Testing of ICAM-1 WT locus was performed as described [³¹ ] using a forward primer GTT CTT CTG AGC GGC GT and reverse primer AGA ACC ACT GCT AGT CC, identifying a PCR fragment of 1.3 kb. Mutated ICAM-1 allele was detected by 5'-primer CCA AGA TCT TCC AGC TAC CAT CCC and 3'-primer CCG GAC AGG TCG GTC TTG ACA AA, generating a fragment of 1.4 kb. The cycle was the same as amplification of the Fuc-TVII allele with an annealing temperature of 53°C.

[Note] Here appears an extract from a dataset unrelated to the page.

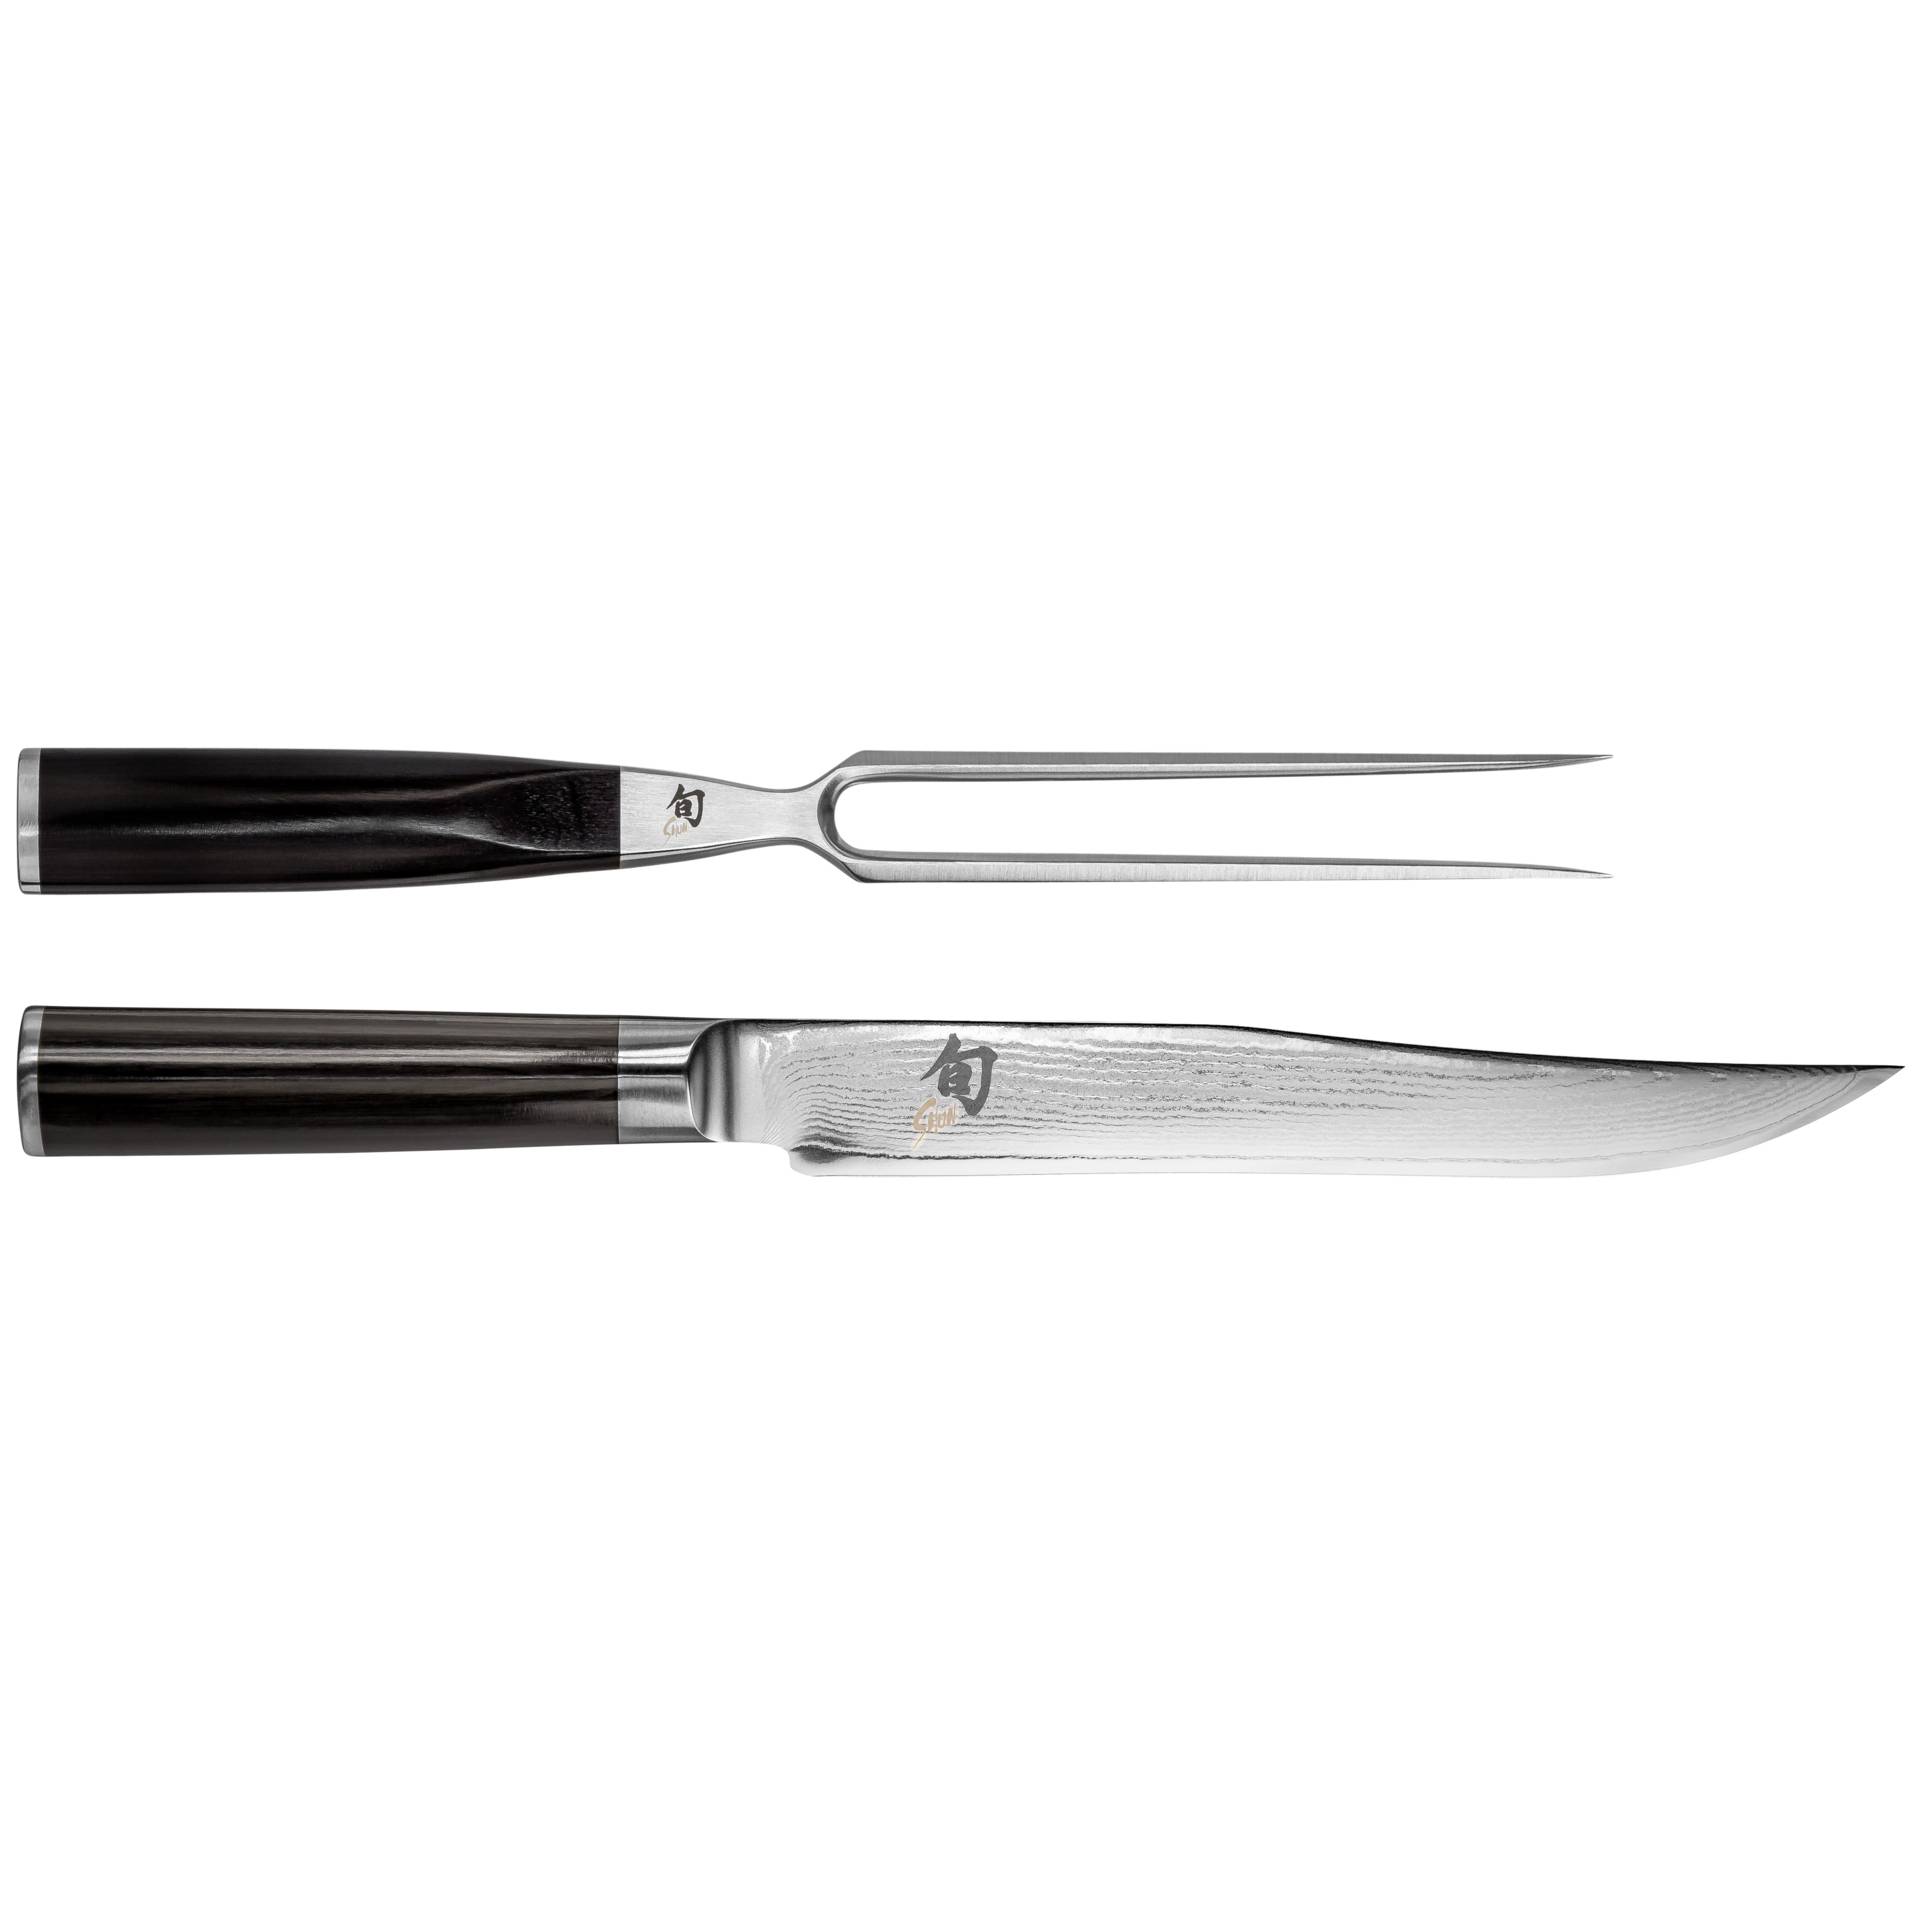 KAI Shun Classic kit coltello da cucina -Set DMS-200

Experimental animals and their genetic background
FucT-VII -/-: 100% 129/Sv, H-2^b; FucT-VII +/+: 100% 129/Sv, H-2^b; ICAM-1 -/-: 98% C57BL/6J and 2% 129/Sv, H-2^b; FucT-VII/ICAM-1 -/-: 52% 129/Sv and 48% C57BL/6J, H-2^b; FucT-VII/ICAM-1 +/+: 52% 129/Sv and 48% C57BL/6J, H-2^b; CBA/J: CBA/J, H-2^k; C57/BL6: C57/BL6, H-2^b.

Study group
Hearts from 129/Sv Fuc-TVII -/--deficient mice or WT controls (H-2^b) were transplanted to CBA/J (H-2^k) recipients or vice versa.

Hearts of hybrid 129/Sv x C57BL/6J mice, deficient in the genes for ICAM-1 or Fuc-TVII and ICAM-1, and their corresponding WT controls were transplanted to CBA/J recipients. Transplantation of CBA/J hearts to CBA/J recipients (129/Sv hearts into 129/Sv recipients) served as a syngeneic control.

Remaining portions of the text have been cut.